Agora, na postura e no relacionamento com os dirigentes esportivos, Luciano do Valle foi mais eficiente. Explico: é lógico que por ser um empresário do ramo esportivo, o ex-locutor esportivo da Bandeirantes precisou estabelecer relações para comprar eventos e viabilizar horas e mais horas de transmissão dentro da BAND. Mas percebam: em nenhum momento isto inviabilizou uma viés crítica e independente dentro de sua equipe, especialmente quando o assunto era a Seleção Brasileira.

Pelo contrário: nas Copas de 1990 e 1994, realizadas na Itália e nos Estados Unidos, o programa “Apito Final”, transmitido pela BAND,  era a tribuna esportiva televisiva na Copa do Mundo. Antes, durante e depois dos jogos, Luciano do Valle abria espaço para que Tostão, Silvio Luiz, Rivelino, Juarez Soares e Mário Sérgio apontassem sem dó e nem piedade os erros cometidos primeiramente por Sebastião Lazaroni e depois por Carlos Alberto Parreira. Quem tem mais de 40 anos e teve o privilégio de  acompanhar estas duas Copas sabe que estas mesas redondas eram referência quando o assunto era Seleção Brasileira.

Sem querer fazer comparações, este galhardão nos dias atuais é carregado pelo programa “Linha de Passe”. Coincidência ou não, após sair da TV Bandeirantes por divergências de filosofia, Tostão teve sua última experiência televisiva onde?

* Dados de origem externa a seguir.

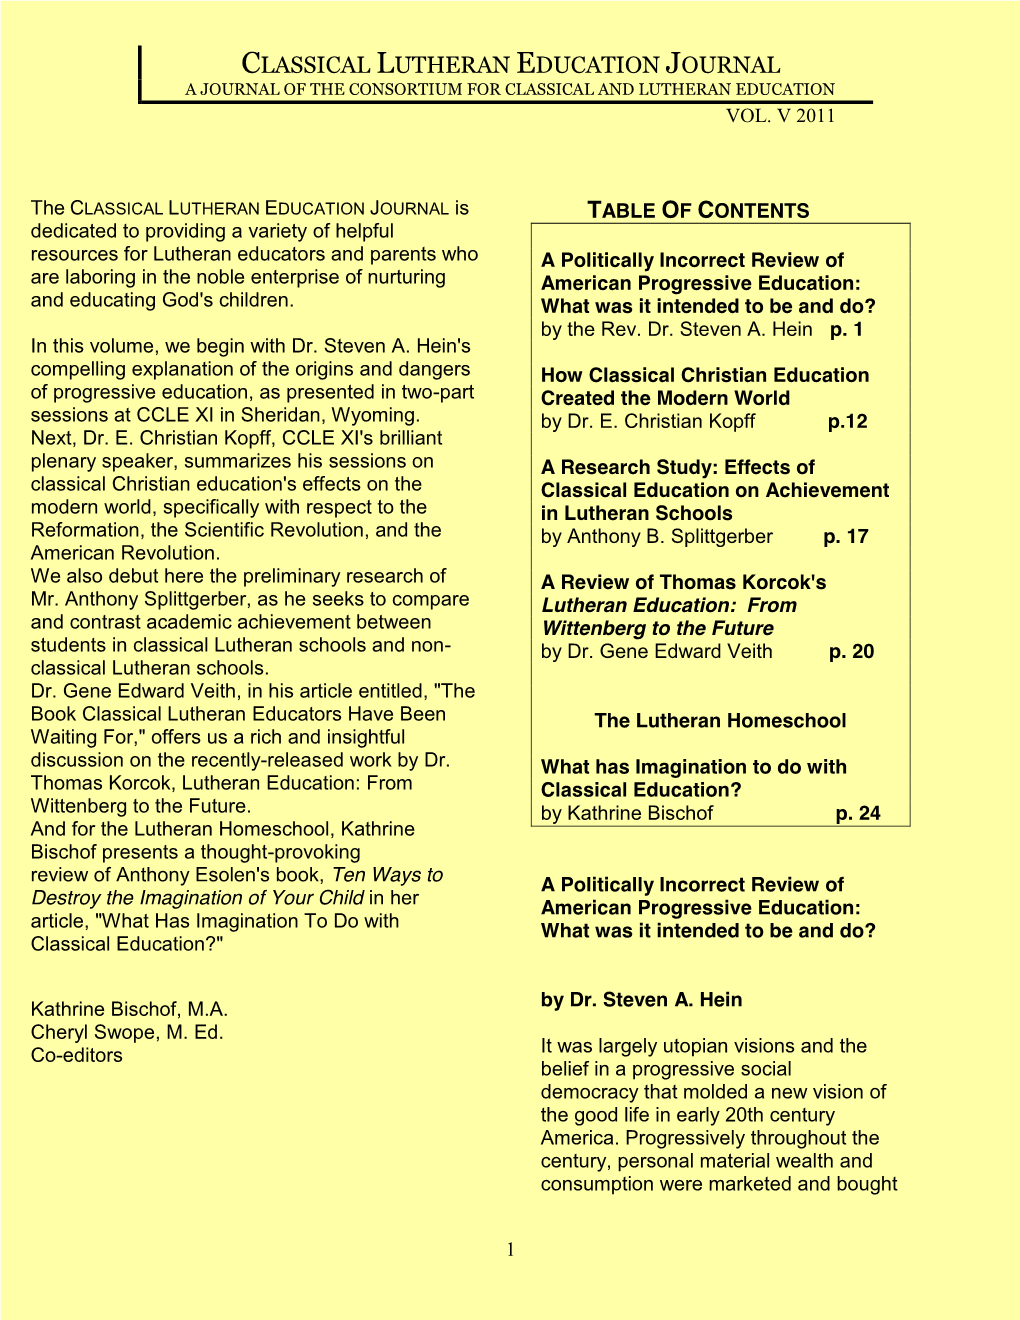 Classical Lutheran Education Journal a Journal of the Consortium for Classical and Lutheran Education Vol

Na ESPN. Em que programa? No Linha de Passe.

Coloque este cenário do lado e veja a postura de Galvão Bueno com a Seleção Brasileira. Nos programas de debates, especialmente o “Bem Amigos”, o clima é de total camaradagem. Sem apertar ou cobrar. Aliás, um reconhecimento: se a mesa de debates não contasse com Casagrande e Mário Sérgio Guimarães as entrevistas com técnicos de Seleção nestes programas seriam uma tragédia. Ato contínuo, tente relembrar se algum técnico de Seleção Brasileira apareceu no exercício do cargo no  “Apito Final”. Tenho certeza de que foram convidados. E o medo de serem arrebentados por uma bancada crítica? Pois é.

Durante as partidas, nem preciso dizer: Galvão, apesar da voz marcante e saber conduzir um espetáculo como poucos, não consegue realizar uma análise linear do jogo. Se vence, considera a Seleção uma maravilha. Se perder, é o apocalipse. E usa o microfone para insinuar, detonar e endeusar jogadores.

Sim, é mais fácil este cronista receber mais pauladas do que elogios. Galvão Bueno é considerado um intocável, um Deus até dentro da crônica esportiva brasileira. Não tem pecados. Ou quando adota uma postura “vaselina” perante os fatos, a saída é culpar a Rede Globo, sua empregadora. Menos. Se fosse assim, a Rede Globo não contaria com um comentarista crítico, lúcido e independente como Casagrande.

Apesar dos pesares, quem tiver um mínimo de senso critico e análise aprofundada verá algo inevitável: Luciano do Valle foi muito maior do que Galvão Bueno. E faz uma falta danada.